» DATA SHOWN:

===============

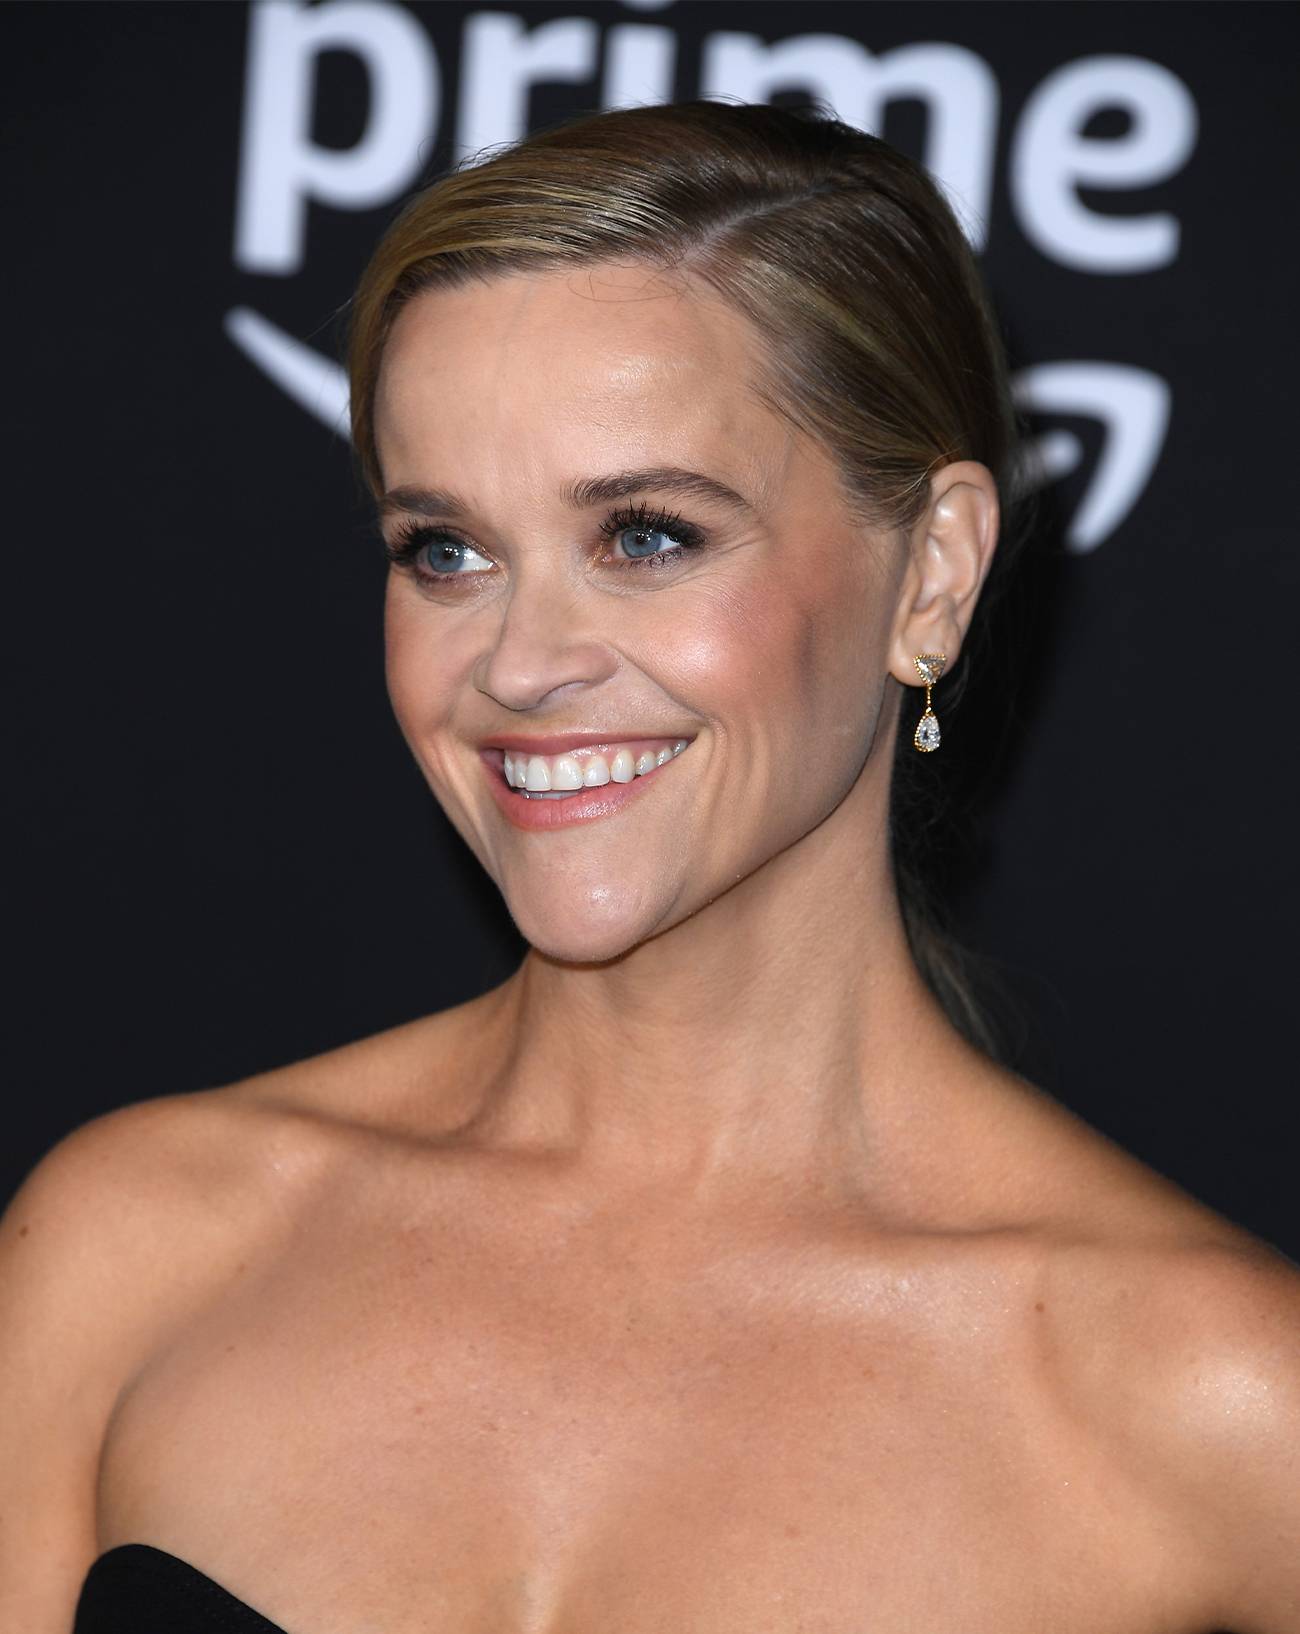 Reese Witherspoon, La Revanche d'une blonde, Série, Prime Video 
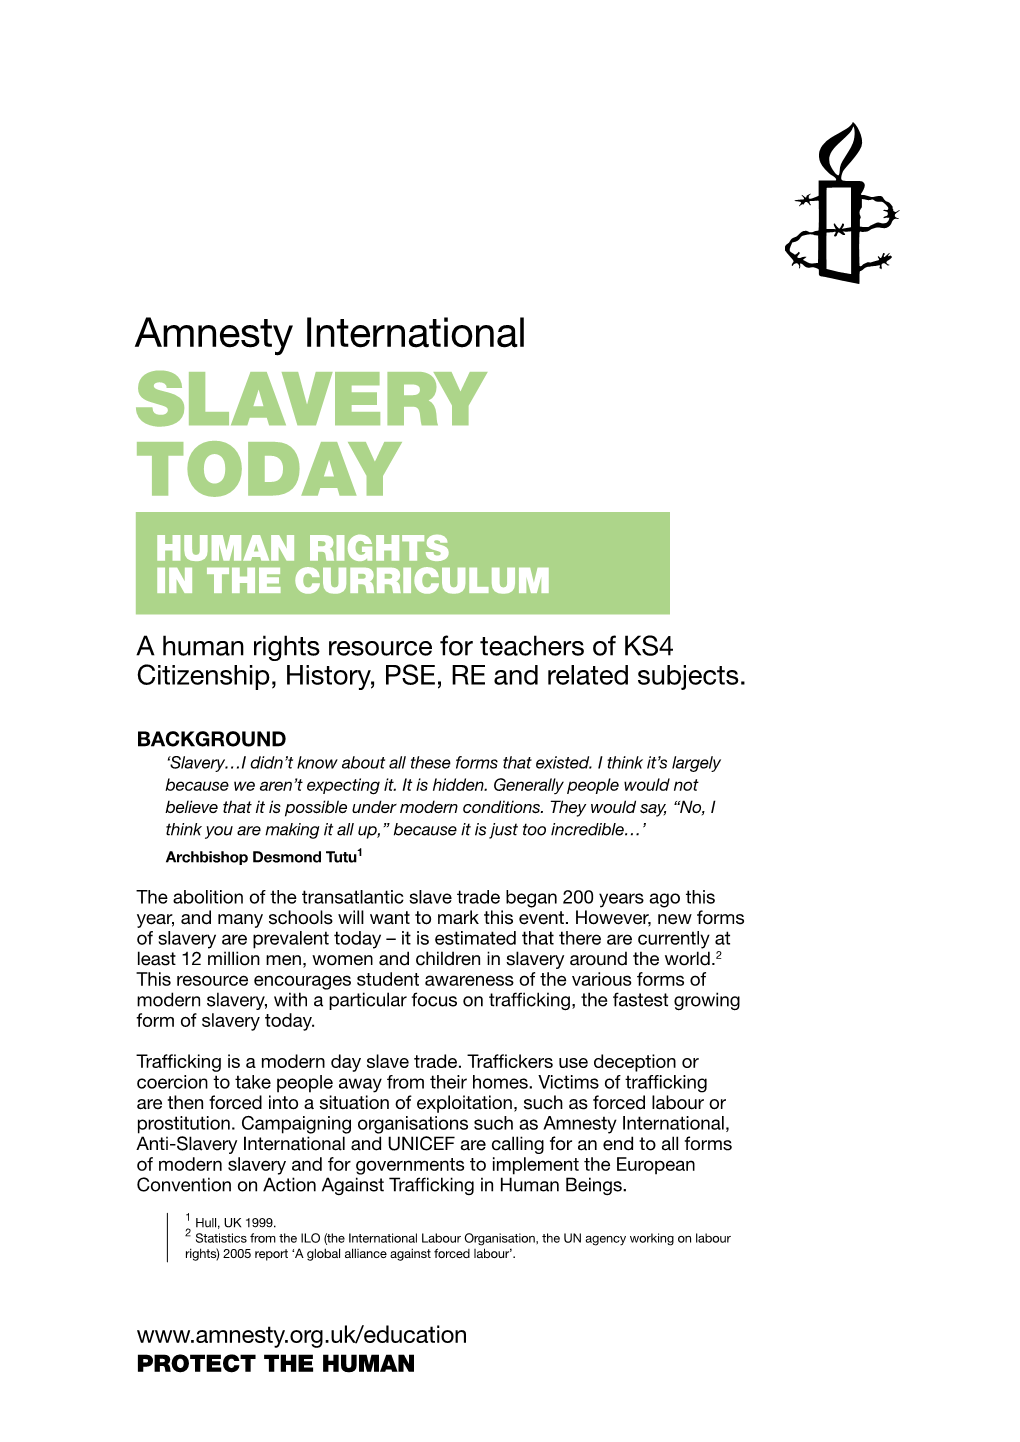 SLAVERY TODAY Human Rights in the Curriculum
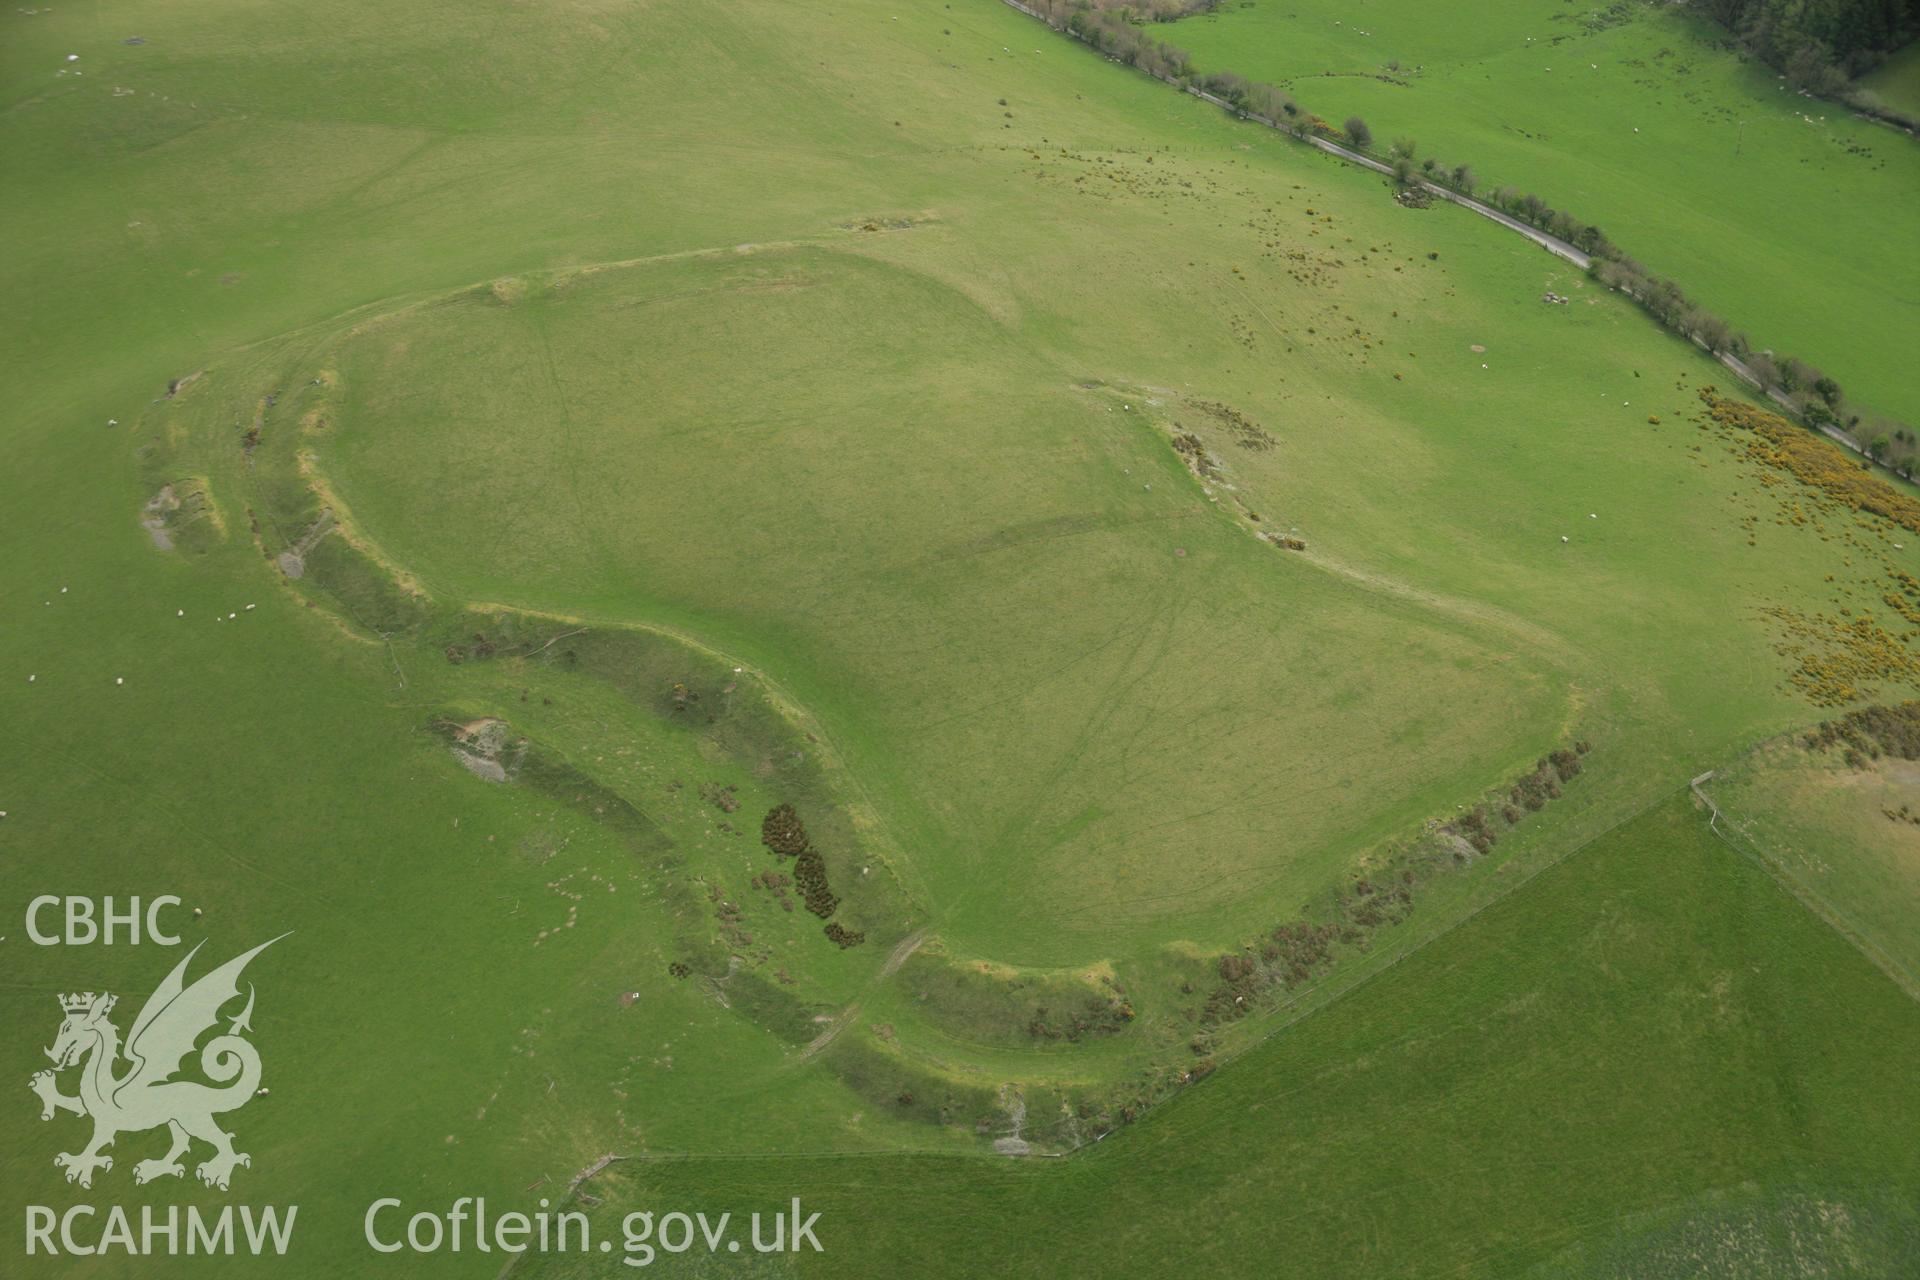 RCAHMW colour oblique aerial photograph of Gaer Fawr. Taken on 17 April 2007 by Toby Driver

===============

» WORK TASK: Line for line, restate the data above and omit every picture.

» WRITTEN SOLUTION:
 Reese Witherspoon, La Revanche d'une blonde, Série, Prime Video 
 SLAVERY TODAY Human Rights in the Curriculum
 RCAHMW colour oblique aerial photograph of Gaer Fawr. Taken on 17 April 2007 by Toby Driver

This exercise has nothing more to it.